**Task to complete**
Each line of the data below between the one containing "Zimmer - Hotel Warnemünder Hof" and the one containing "Didier Moreno DIM Copa Libertadores 2017", both included, is to be repeated exactly. Please omit pictures.

**Dataset entries**
- Opening Delimiter -

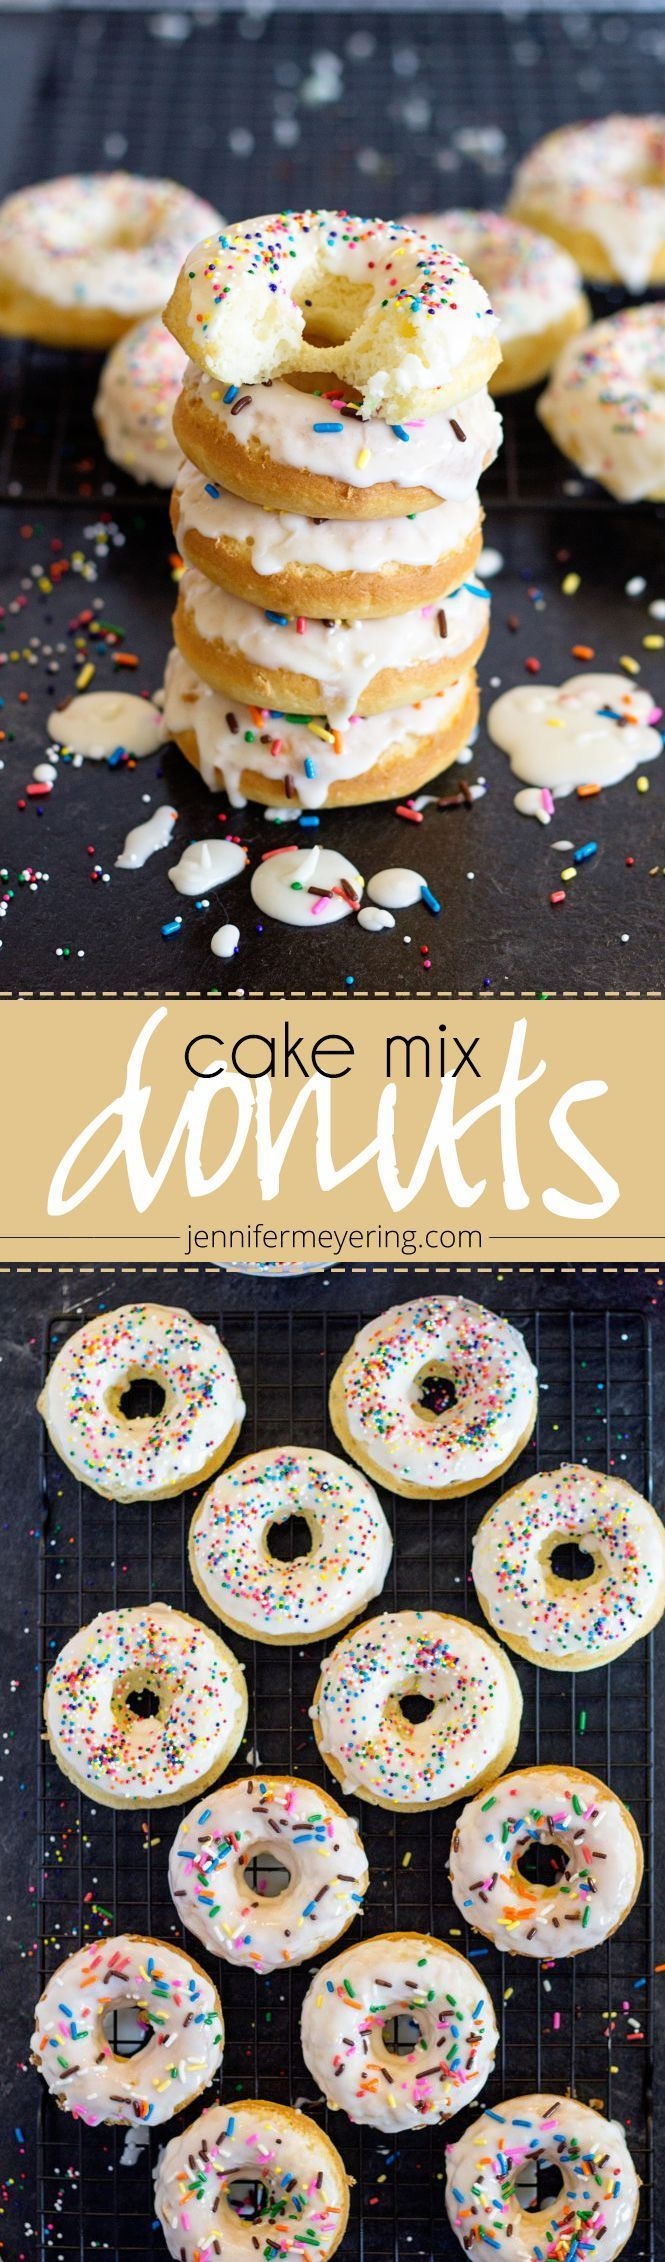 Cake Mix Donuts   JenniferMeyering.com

- Closing Delimiter -
- Opening Delimiter -

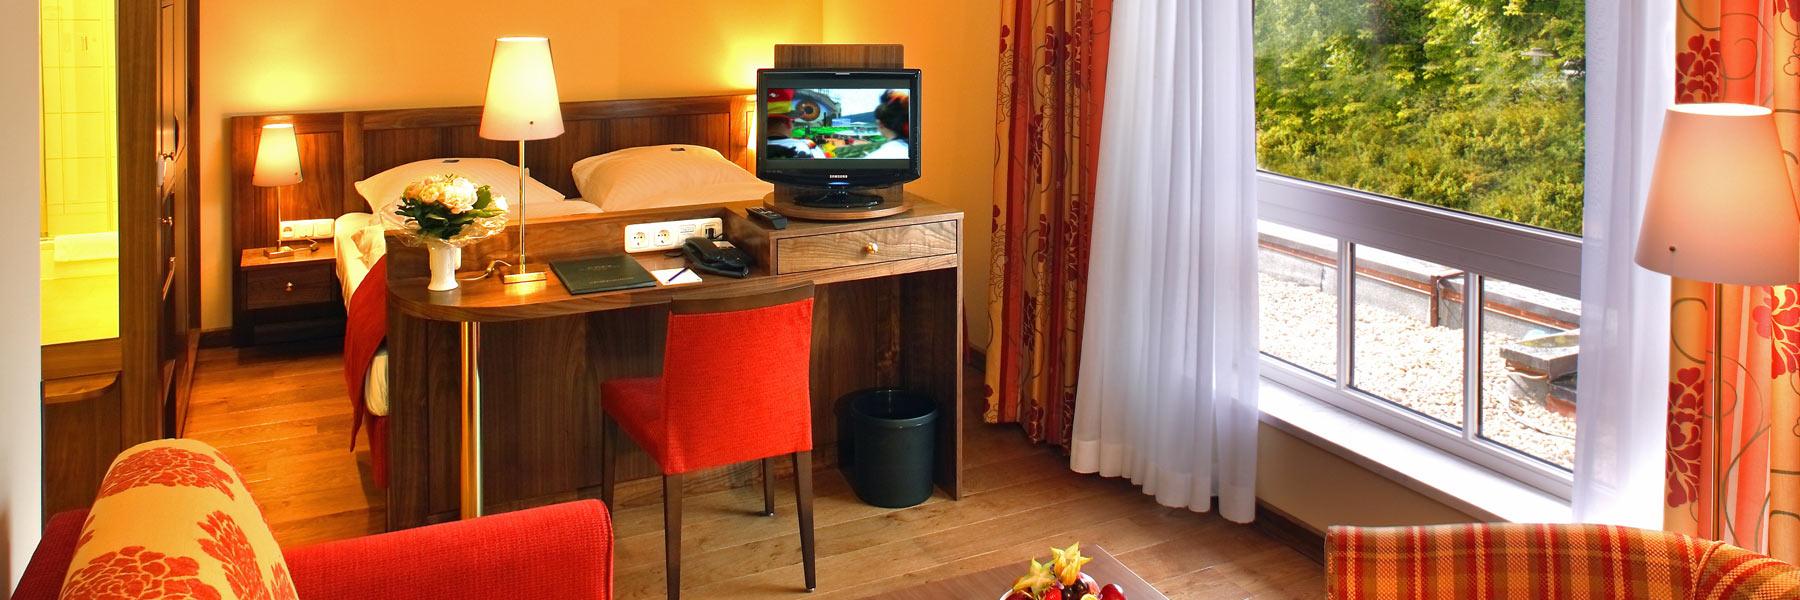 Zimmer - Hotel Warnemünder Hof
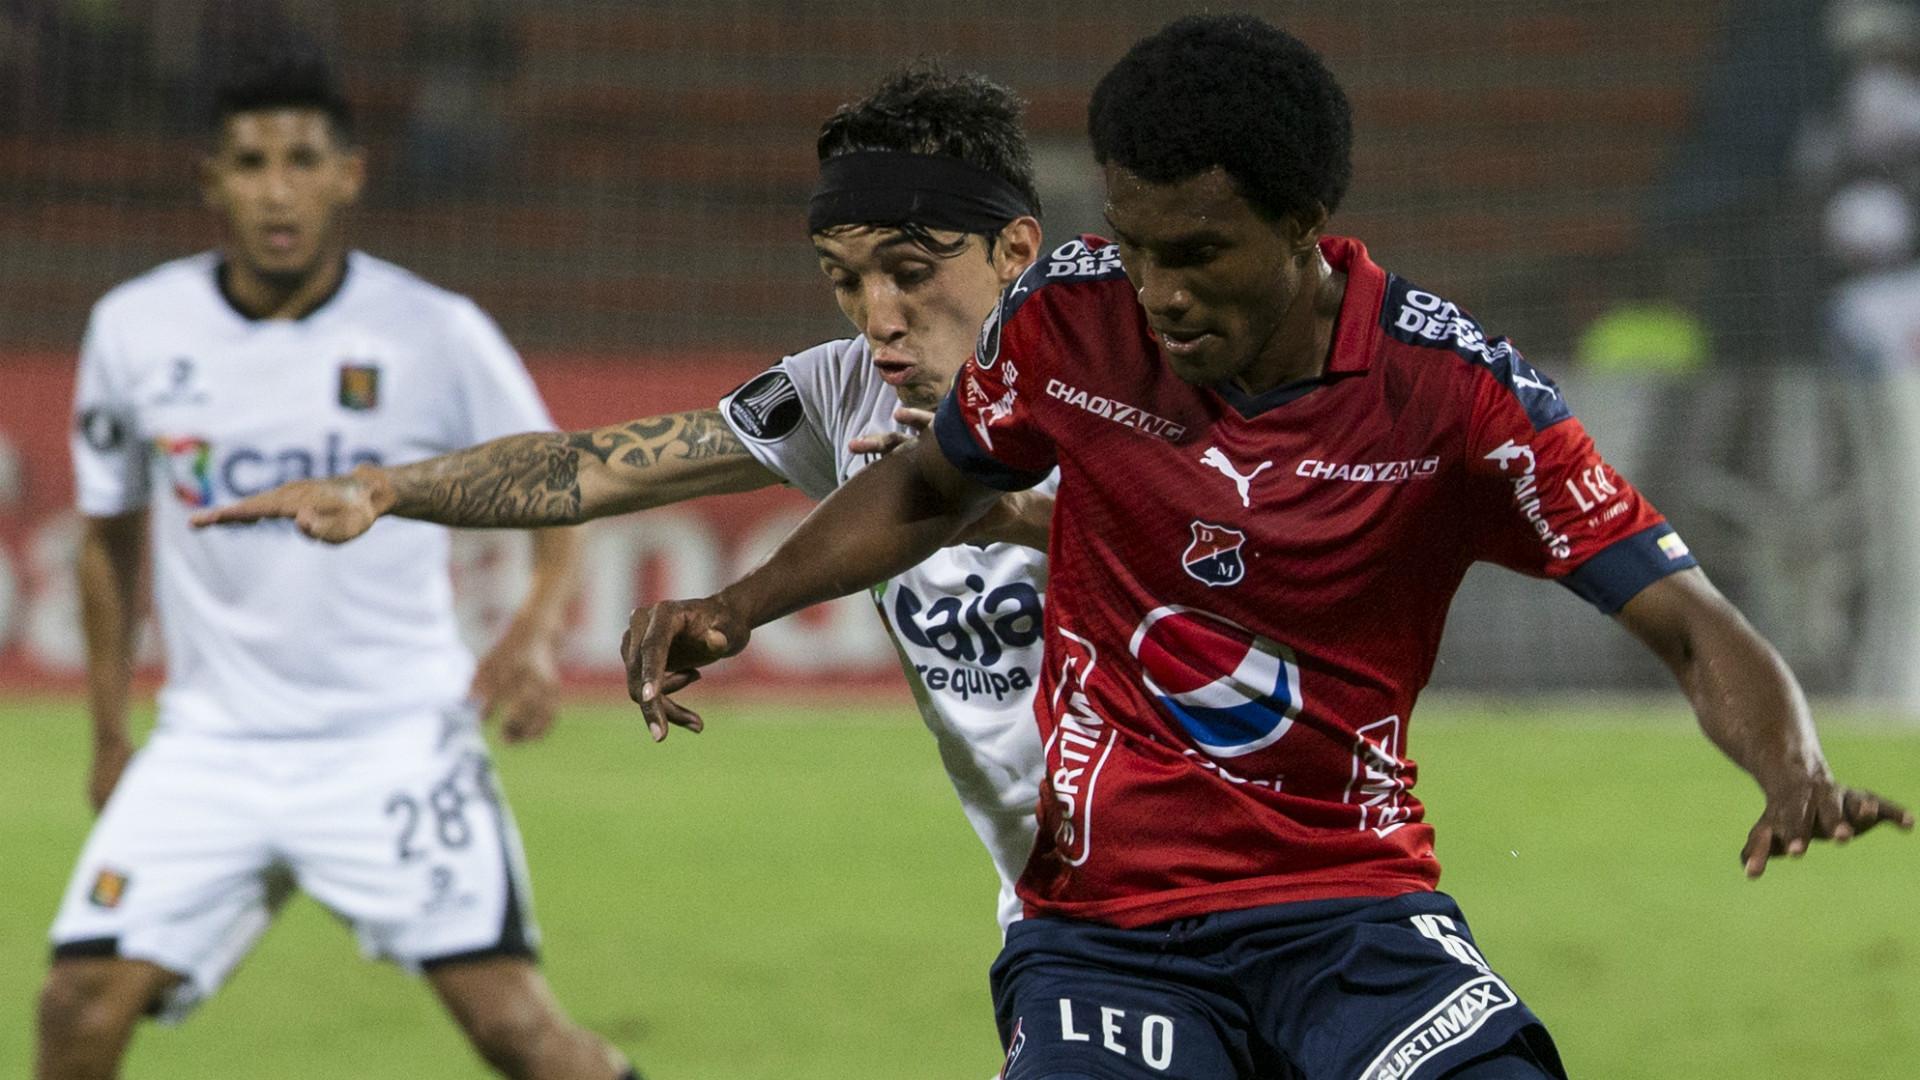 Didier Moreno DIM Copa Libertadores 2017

- Closing Delimiter -

**Exercise result**
 Zimmer - Hotel Warnemünder Hof
 Didier Moreno DIM Copa Libertadores 2017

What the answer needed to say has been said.